Your health information is increasingly stored in an electronic format so providers can easily view, transmit and manipulate it with your best interests in mind. However, as with any digital data, there’s always a possibility that it will fall into the wrong hands where an identity thief or ill-intentioned person can use it against you.
The Health Insurance Portability and Accountability Act (HIPAA) is a federal law that sets rules and limits on who can look at and receive your health information. Until recently, the law hadn’t received any major updates since the Department of Health & Human Services (HHS) originally established it in 1996.
The good news is that in January, HHS released sweeping changes to the rule that not only enhance patient privacy and security protections in an ever-expanding digital age, but also provide individuals new rights to their health information and strengthen the governmen's ability to enforce the law.
CyberScout caught up with Judi Hofman, co-chairwoman for the American Health Information Management Association’s national privacy and security practice council, to discuss what these changes mean for consumers.
Q: The latest changes to HIPAA include a substantial expansion of patients’ rights. Why is this, and why now?
A: The healthcare industry has seen such a huge expansion of electronic medical records over the last decade. The federal government is working to secure patient rights to privacy as health information technology quickly evolves. The rule should empower patients to become more active participants in their healthcare, including how their personal health information is used and disclosed in an electronic environment.
Q: Patients can now ask for copies of their electronic medical record in an electronic form. Why should patients request a copy of their record, and is there any benefit to having it in a digital format?
A: HIPAA always has allowed patients to request copies of their medical records. Having a copy of your record allows you to digest the information on your own. It also helps ensure continuity of care with your other providers. The electronic format (e.g., in a PDF or on a CD) is beneficial because patients can easily import that information into a personal health record online where they can begin to build a comprehensive history of their own health. They can also share their electronic copy with loved ones who can help them make decisions about their treatment.
Q: Self-pay patients can now instruct their providers not to share information about their treatment with their health plan. Why is this important?
A: Allowing patients who pay out-of-pocket the choice to restrict information about specific health care items or services from payers is one more way in which HHS is promoting individual privacy. Some patients may want to restrict sensitive information, such as HIV or a mental health diagnosis, for example. When making this request, providers must ensure that any current or future billing doesn’t include references to the restricted information.
Q: There are also changes in terms of how information is used and disclosed for marketing and fund-raising purposes. Can you explain?

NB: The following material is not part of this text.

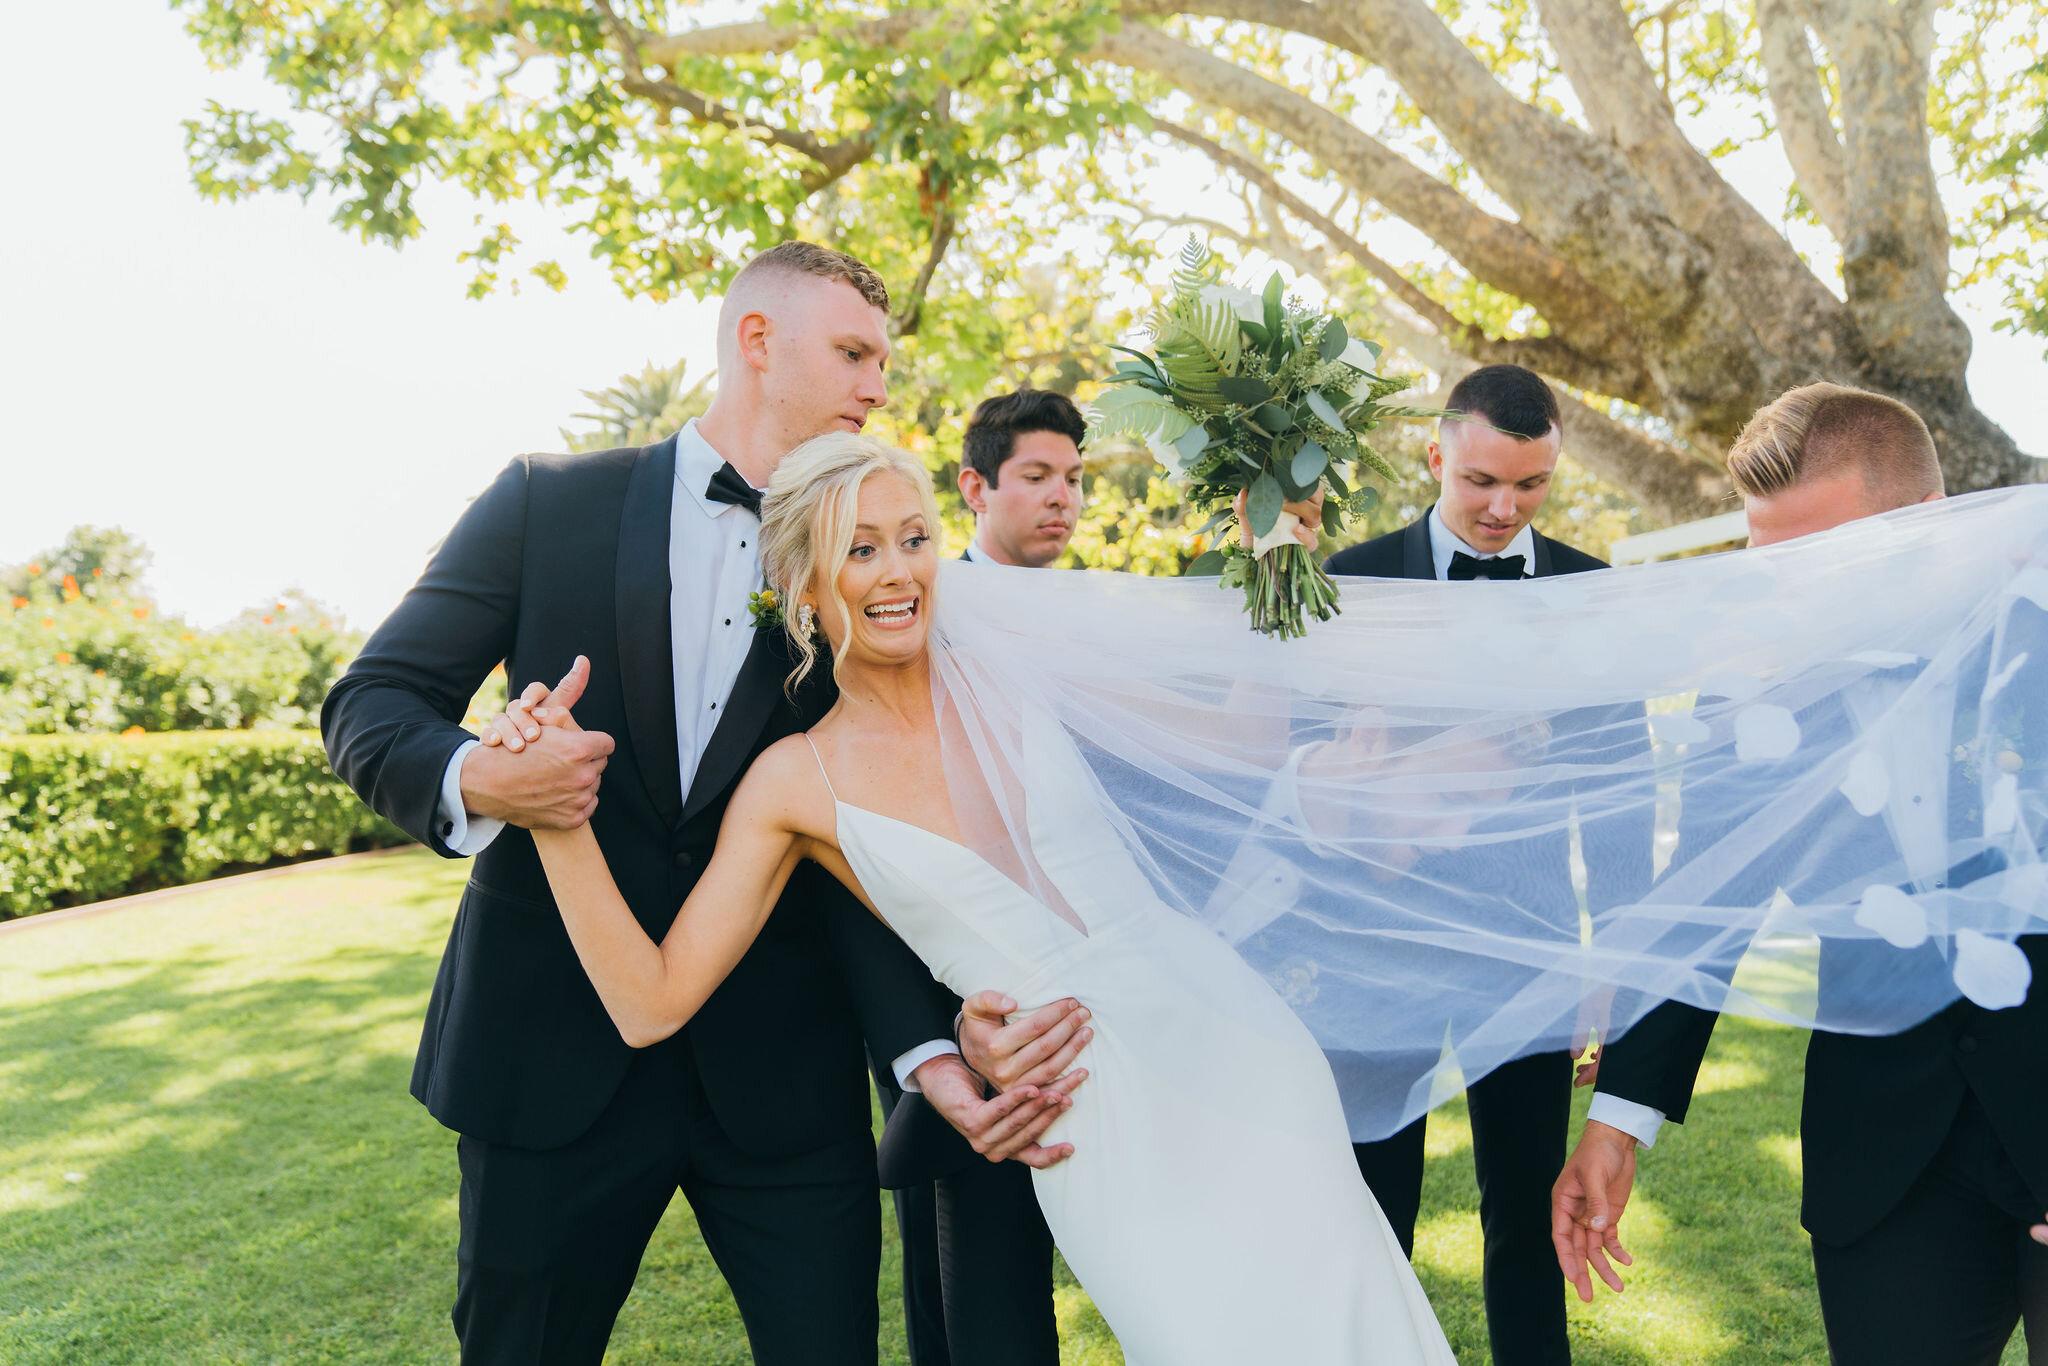 adamson-house-wedding-photography-089.jpg

A: Many patients may not realize that not-for-profit hospitals are allowed to use personal information for fund-raising purposes, such as raising funds for a new cancer treatment center or family birthing unit, for example. This includes demographic information (e.g., name, address, other contact information, age, gender, and date of birth) as well as information about health insurance status, date and department of service, treating physician, and outcomes. Covered entities must now provide patients with the ability to easily opt out of fundraising. Although patients can’t generally opt out of marketing, the new rule limits uses and disclosures of protected health information for marketing by covered entities. These entities must obtain patients’ explicit authorization when they are marketing a product for which they could receive remuneration.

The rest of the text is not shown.